Of course, gray market lottery and casino games are not new topics in the regulated gaming world, but this is something very different. This app is still new to the market so it remains to be seen whether it will actually develop into a disruptive element for the gaming industry.
First, what would the spread of this game or similar models mean for traditional lottery retail? It’s tempting to think that the differences between traditional lotto and an online trivia app are large enough that they would not compete for players. After all, even if the trivia app develops a more lucrative funding model, it would probably struggle to offer the massive jackpots characteristic of the traditional lottery. But such reasoning overlooks some important similarities between the two products. The trivia app broadcasts only take place at prescheduled times each day, so the game play in this respect is more similar to traditional lotto than, say, an on-demand e-casino. The trivia app is also designed to create a social experience that resembles that of the nightly lotto draw. Friends and family once gathered to watch lotto draws on television, but now the television is being replaced with personal mobile devices, the numbers with trivia questions, and tickets are no longer required at all.
Another question worth considering is: does the trivia app appeal to the same audience as the traditional lottery? Probably not, but that’s also part of the problem. The trivia app caters to the interests of Millennials—a key and challenging demographic for the lottery industry—in a way that lotteries have yet to perfect. The accepted wisdom on how to reach Millennials includes strategies like creating engaging social experiences, offering games that are fun and easy to play, and offering games that balance both skill and luck. While lotteries struggle to do these things, the trivia app achieves all of them with the added advantage that participation costs absolutely nothing!
There are, of course, more questions, but the one the lottery industry must answer now is: what should lotteries do to respond?
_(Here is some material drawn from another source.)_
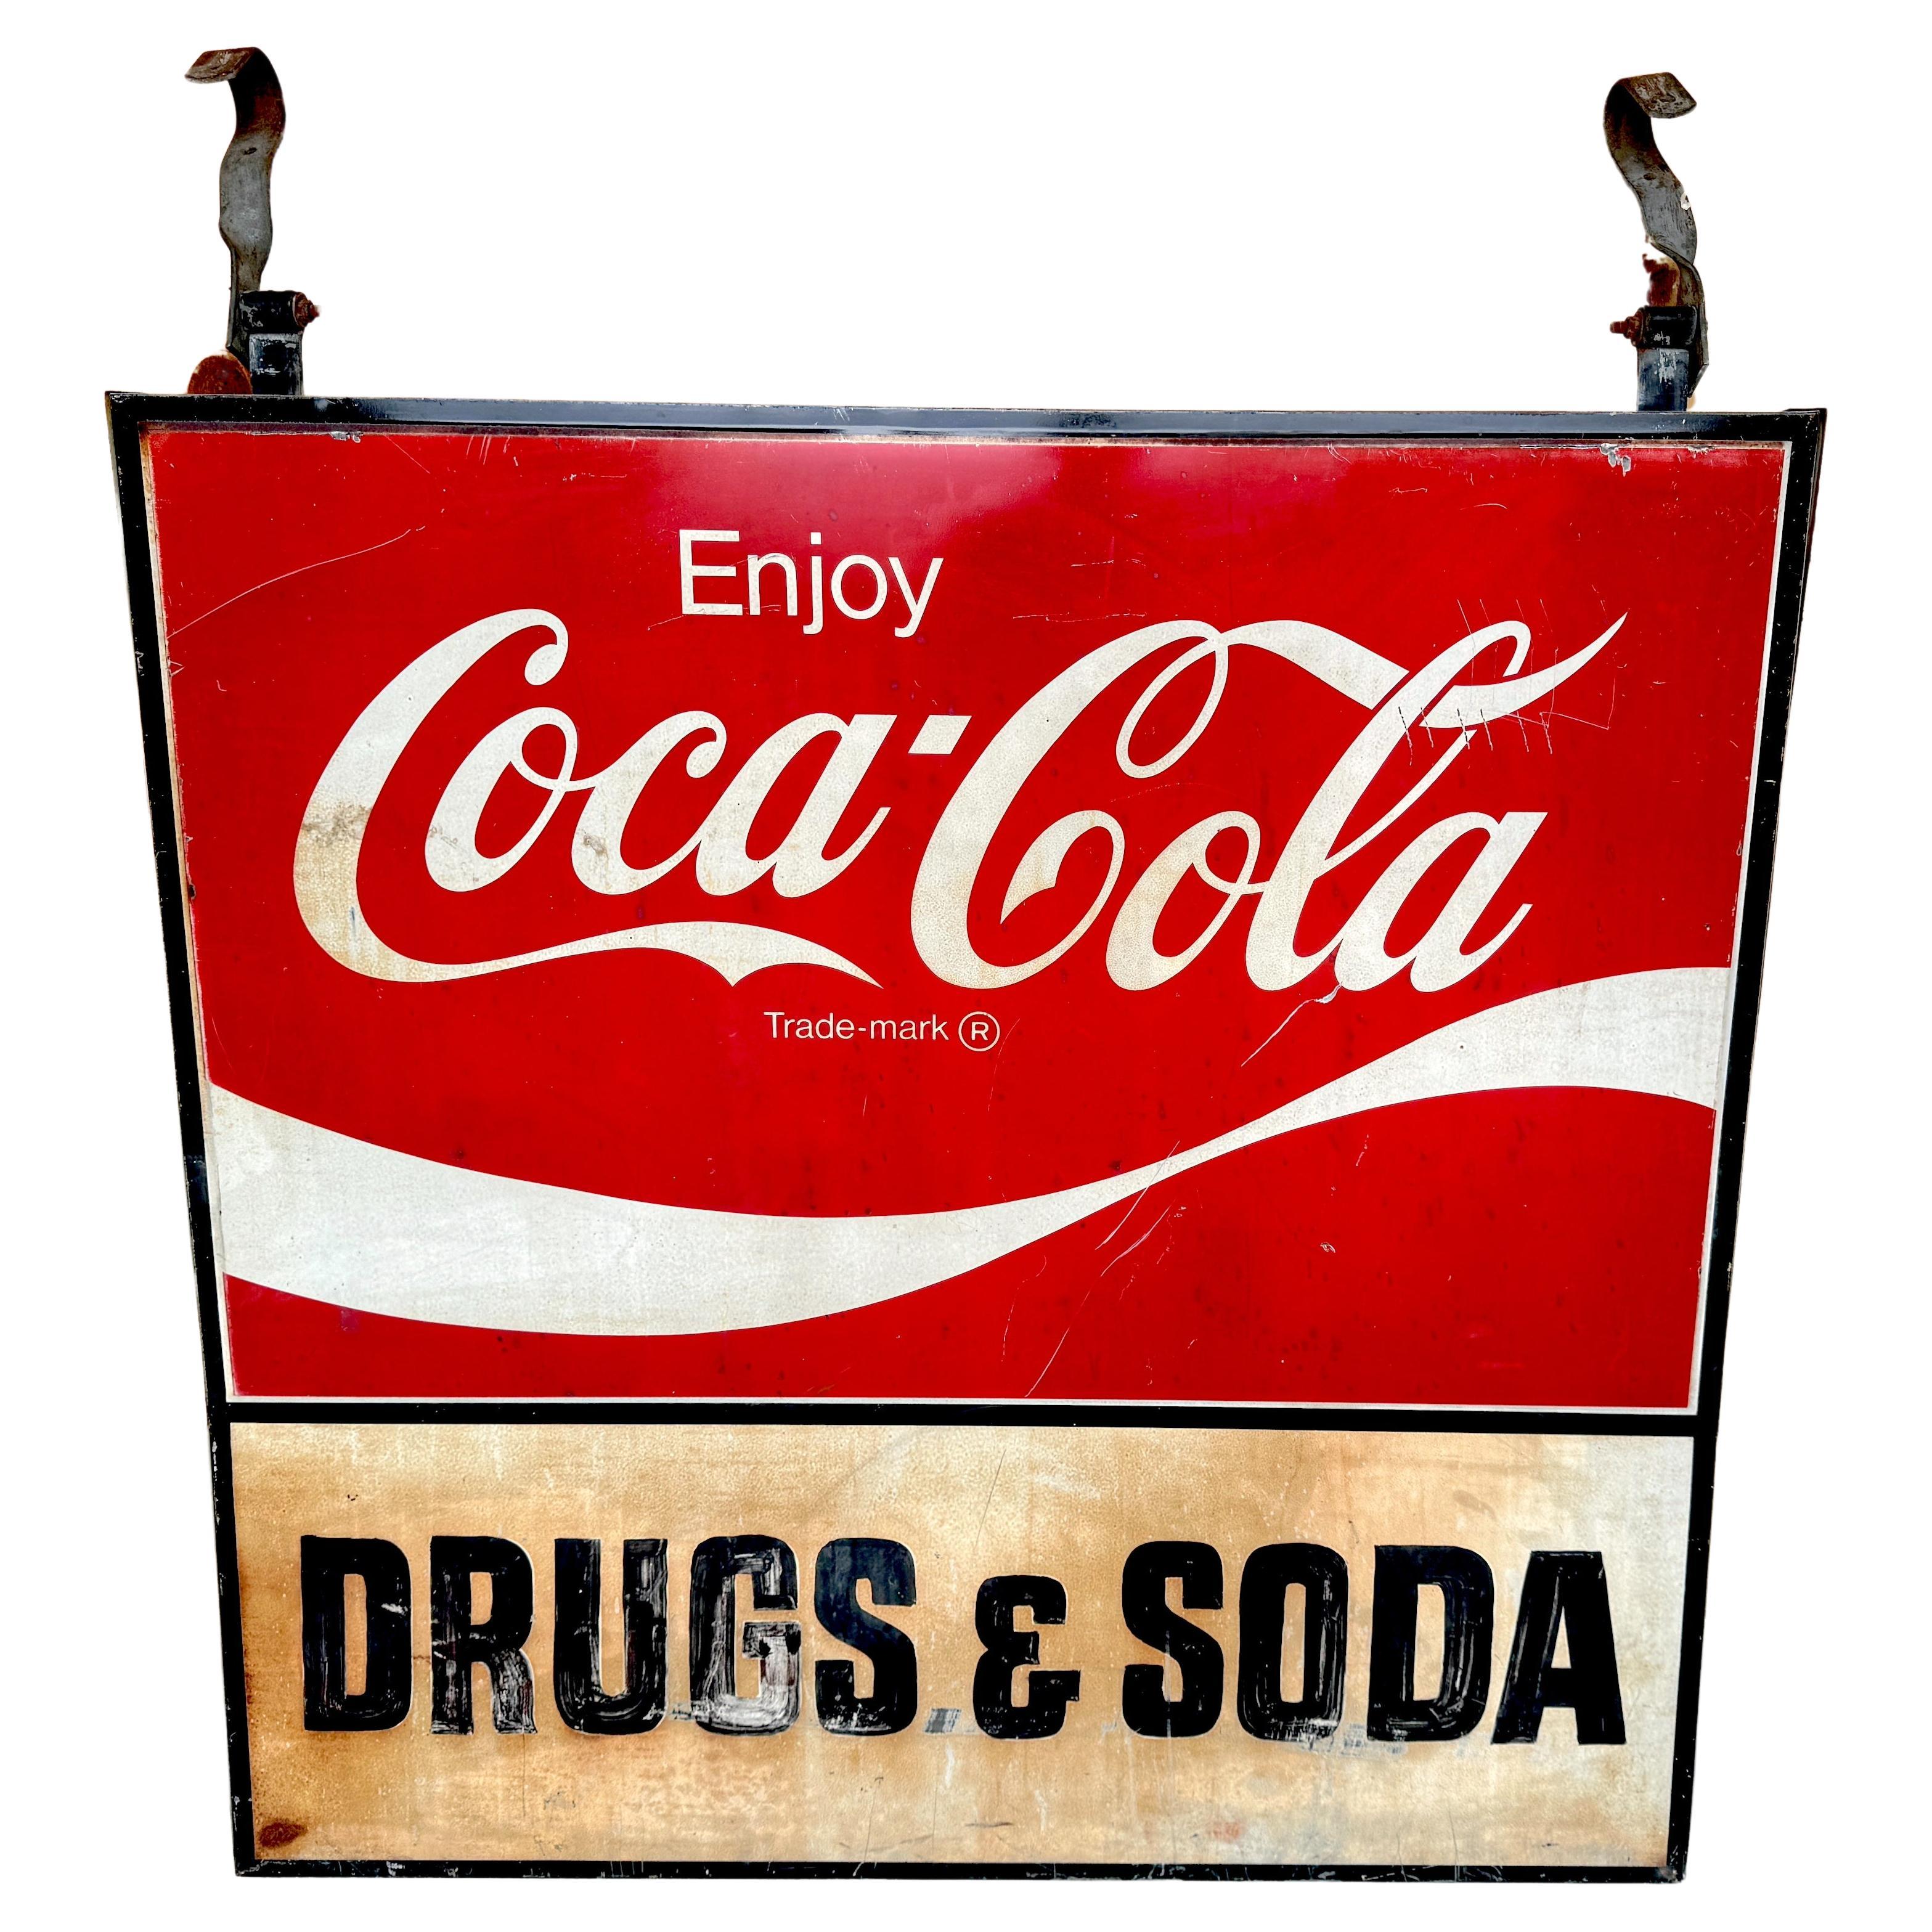 Panneau commercial Coca-Cola des années 1960 «rugs & Soda » de WPB, Floride  Rue des Clématites 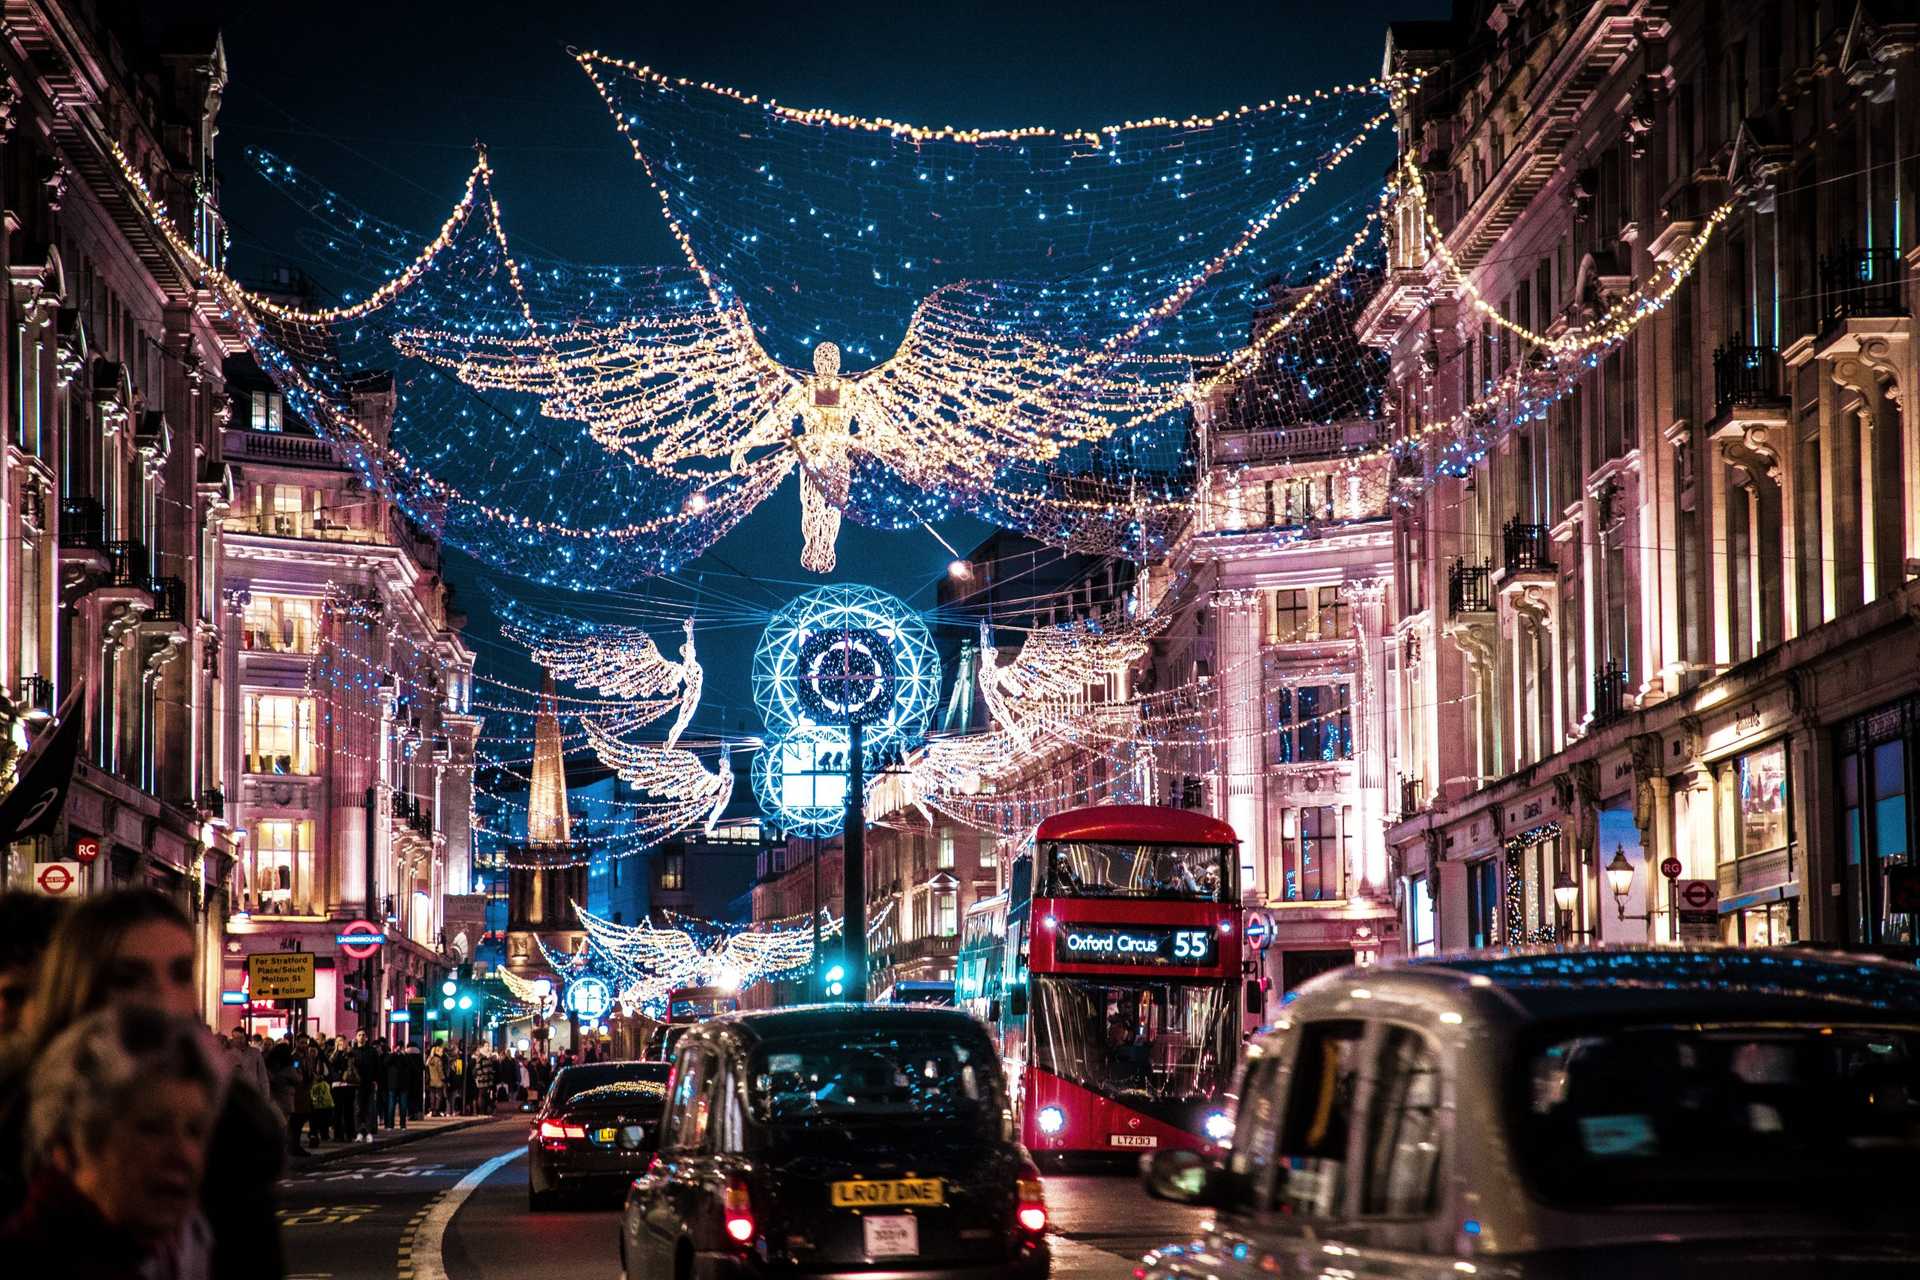  London Christmas lights

The answer isn’t entirely clear, but what is clear is the lottery industry must recognize that fast-emerging technologies have the potential to bring about hugely disruptive changes incredibly quickly. The trivia app launched only a few months ago, but today it has over two-hundred thousand users. How many could it have a year from now? And how many might its eventual competitors have two years from now?
It’s not enough to respond to changing conditions, the lottery industry must be able to respond quickly. The challenges of today’s retail environment will require that modern lotteries move toward hardware-independent solutions, open architectures, and API-driven integrations. That means less reliance on terminals and paper tickets and more on mobile devices and apps. It also means an ability to quickly and efficiently integrate third-party games and solutions. For example, any lottery with the right combination of technology and creative thinking could work with existing products like the trivia app to offer additional in-app purchases for larger jackpots, or lotteries could develop their own games that build on the successes of existing models while raising money for good causes.
With open, flexible infrastructures, lotteries will have the tools to approach disruptive trends as opportunities rather than as threats. The tools exist and the opportunities exist, so maybe the real question is: which lotteries will be ready?